Item 5.02. Departure of Directors or Certain Officers; Election of Directors; Appointment of Certain Officers; Compensatory Arrangements of Certain Officers
Information responsive to Item 5.02(b):
On May 15, 2026, William R. Devlin, Senior Vice President, Chief Accounting Officer and Controller of Eagle Materials Inc. (the “Company”), notified the Company of his decision to retire from his position effective as of June 1, 2026. He has served the Company in this capacity for over 20 years. Mr. Devlin will remain with the Company in an advisory capacity for a transition period of approximately two to three months.
As a part of the Company’s succession planning process, Samuel M. Guzman Jr. will become Senior Vice President, Chief Accounting Officer and Controller of the Company, effective as of June 1, 2026. Mr. Guzman is currently the Company’s Vice President - Financial Reporting, a role he has held since July 2025. Prior to joining the Company, Mr. Guzman was Vice President and Chief Accounting Officer of Beacon Roofing Supply, Inc. from 2020 to 2025, and Vice President and Chief Accounting Officer of Liquidity Services, Inc. from 2018 to 2020. Mr. Guzman began his career at Deloitte & Touche, he is a Certified Public Accountant, and he holds a B.S. in Accounting from Virginia Commonwealth University.
Information responsive to Item 5.02(e):
On May 15, 2026, the Compensation Committee approved the Eagle Materials Inc. Salaried Incentive Compensation Program (“Eagle Plan”), a copy of which is attached to this Report as Exhibit 10.1 and incorporated herein by reference. Under the terms of the Eagle Plan, a pool of 1.2% of the Company’s operating earnings for fiscal 2027 will be available to pay annual bonuses to participating officers, subject to reduction based on individual performance in fiscal 2027 and the following limitations: (i) if the Company’s operating earnings for fiscal 2027 are less than 50% of budget, then no funds will be available for the corporate bonus pool; and (ii) none of the participants in the program will be able to receive a bonus payment in excess of three times (3X) such participant’s annual base salary. The Compensation Committee also determined the applicable percentage of the bonus pool available for payment of the fiscal 2027 annual incentive bonus to the named executive officers participating in the Eagle Plan (Michael R. Haack, President and Chief Executive Officer, 33.0%; D. Craig Kesler, Executive Vice President - Finance and Administration and Chief Financial Officer, 16.0%; and Matt Newby, Executive Vice President, General Counsel and Secretary, 11.0%).
The Compensation Committee also approved the Eagle Materials Inc. Business Unit Salaried Incentive Compensation Program (“Business Unit Plan”), a copy of which is attached to this Report as Exhibit 10.2 and incorporated herein by reference.
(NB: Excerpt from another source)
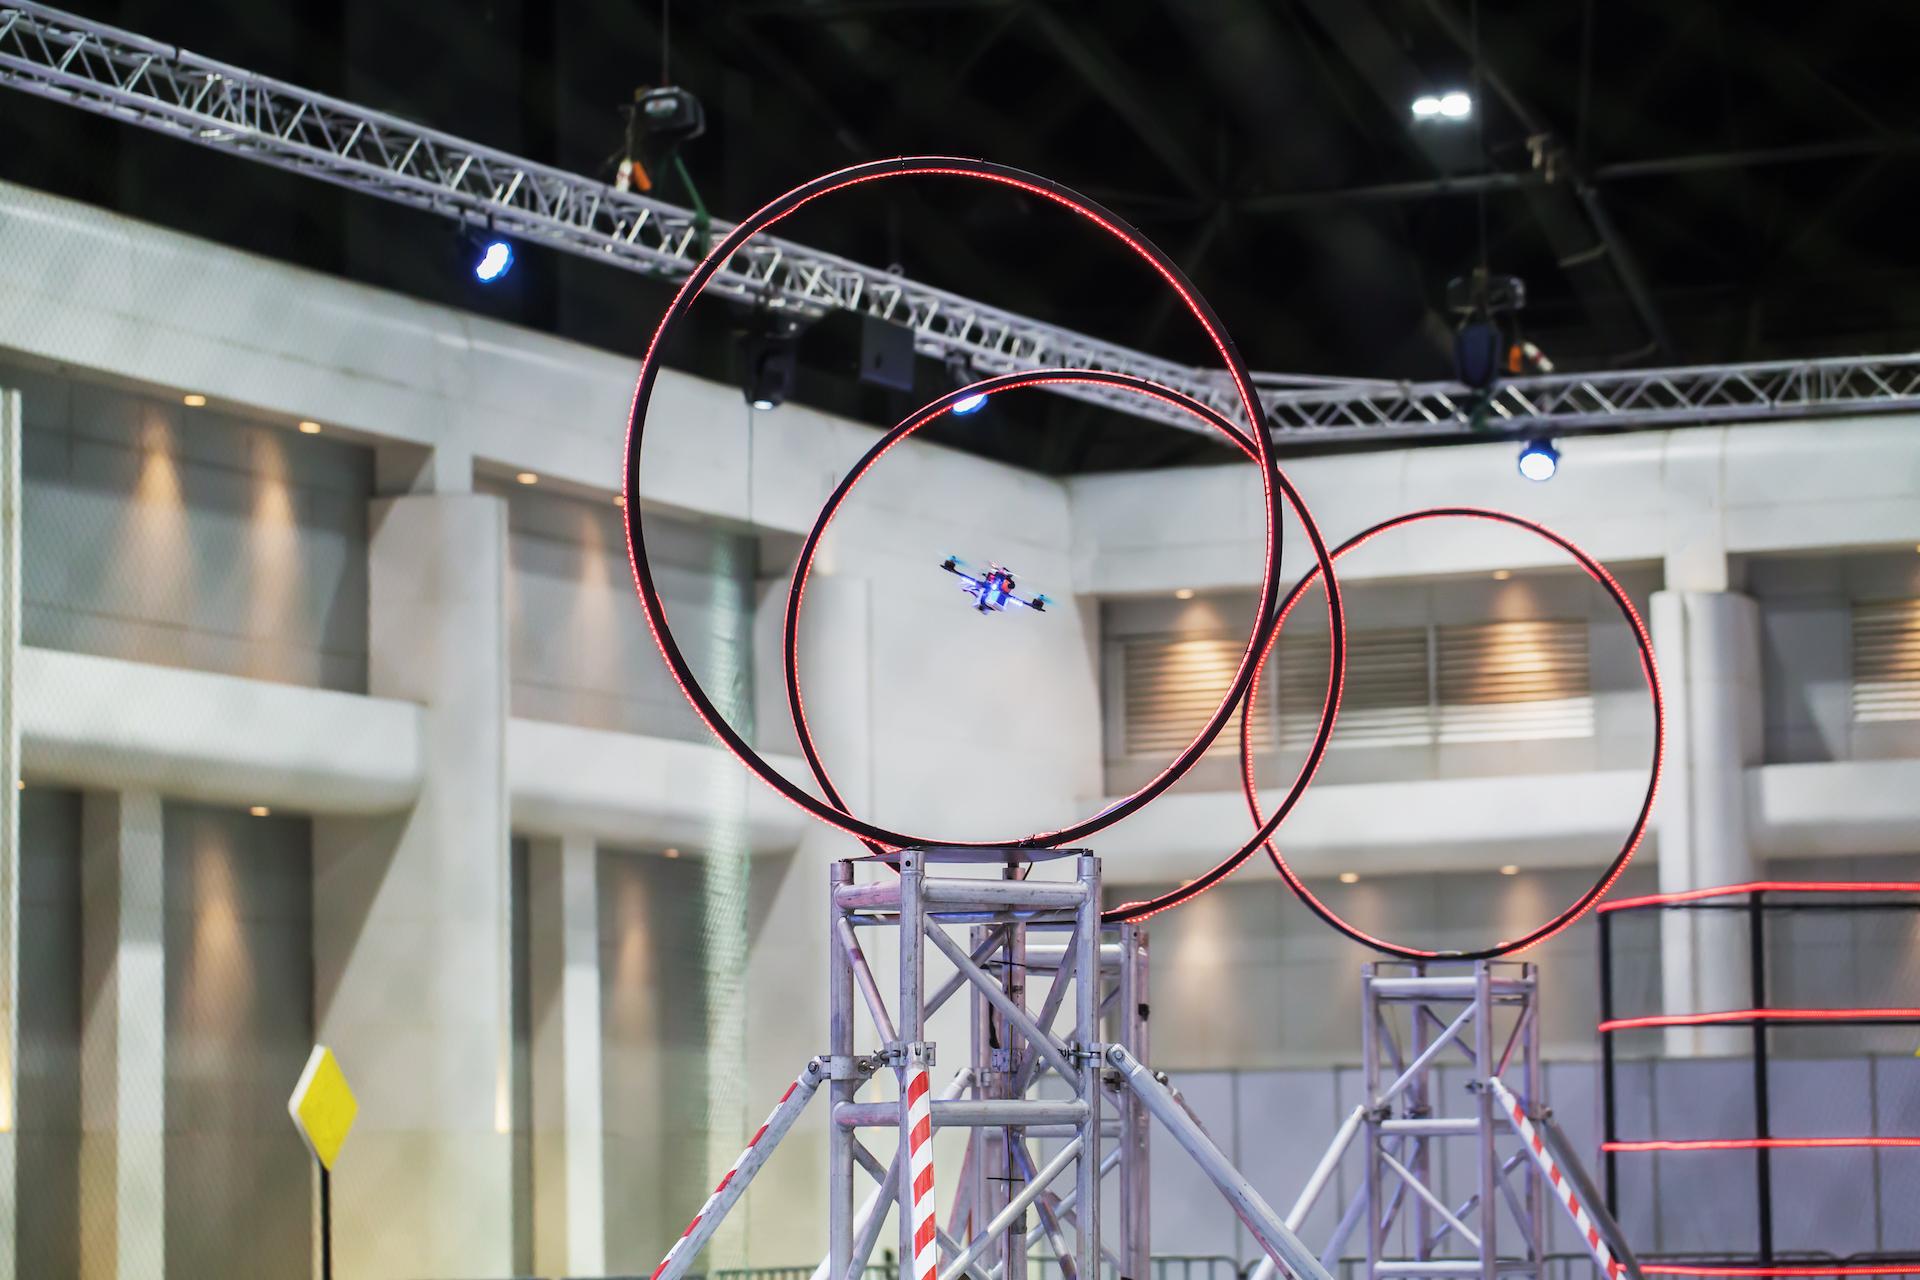 HKDSA:《小型無人機令》無視競速無人機運動需求 扼殺發展空間
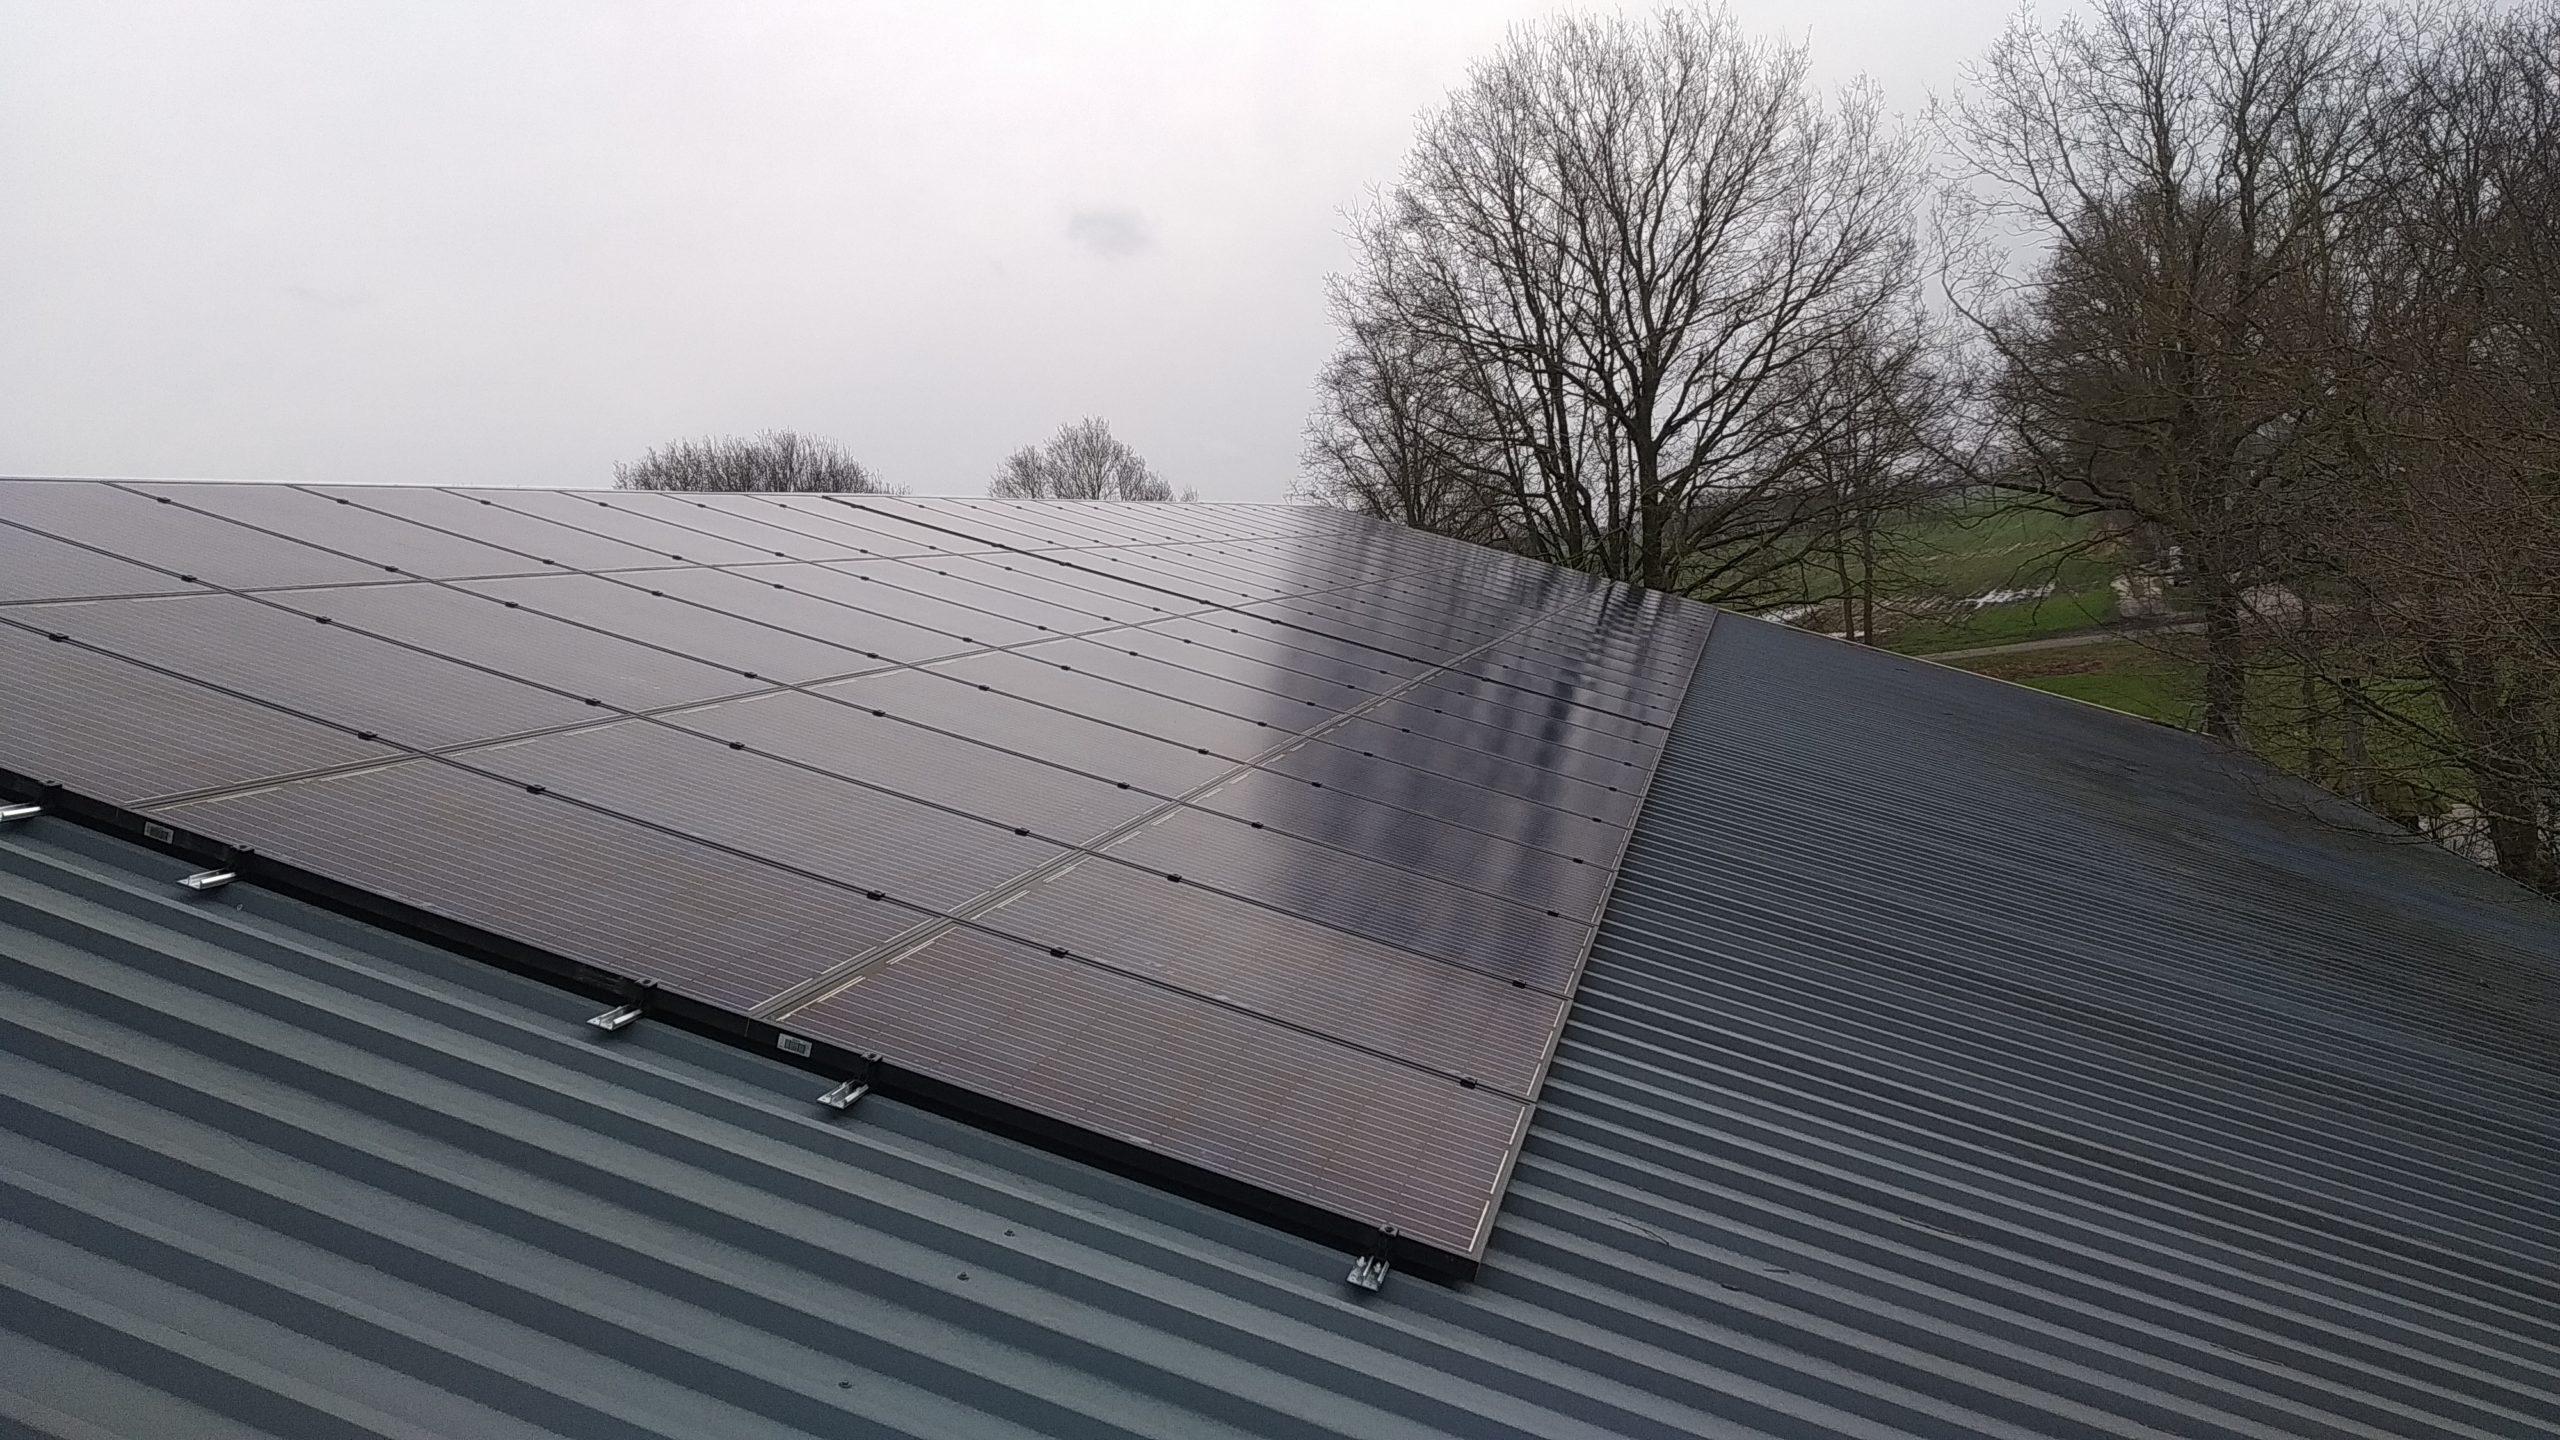 Centro Solar 215 zonnepanelen met SMA tripower omvormer Vroomshoop

Under the terms of the Business Unit Plan, a pool of each of the Company’s participating business unit’s EBITDA will be available to pay annual bonuses to participating officers, subject to reduction based on individual performance in fiscal 2027 and the following limitations: (i) if the participating business unit’s EBITDA for fiscal 2027 is less than 50% of budget, then no funds will be available for that business unit’s pool; and (ii) none of the participants in the program will be able to receive a bonus payment in excess of two times (2X) such participant’s annual base salary. For fiscal 2027, the Compensation Committee set the EBITDA percentage for American Gypsum at 2.00% (“AG Pool”), and for the consolidated cement subsidiaries, at 1.90%, as adjusted with respect to our 50% owned cement joint venture (“Cement Pool”). The Compensation Committee also determined the maximum bonus potential for the named executive officers participating in the Business Unit Plan: Eric Cribbs, President of American Gypsum Company LLC, 8.5% of the AG Pool (subject to a Committee-imposed cap of $450,000); and Tony Thompson, Senior Vice President, Cement East, 4.75% of the Cement Pool (subject to a Committee-imposed cap of $400,000).
The Compensation Committee also approved the Eagle Materials Inc. Special Situation Program (the “SSP”), a copy of which is attached to this Report as Exhibit 10.3 and incorporated herein by reference. Under the terms of the SSP, a pool of 0.2% of the Company’s EBITDA for fiscal 2027, plus any portions of bonus pools under the Eagle Plan, the Business Unit Plan and the business unit long-term compensation plan not paid out or earned, are available to pay annual bonuses to participating employees from the SSP.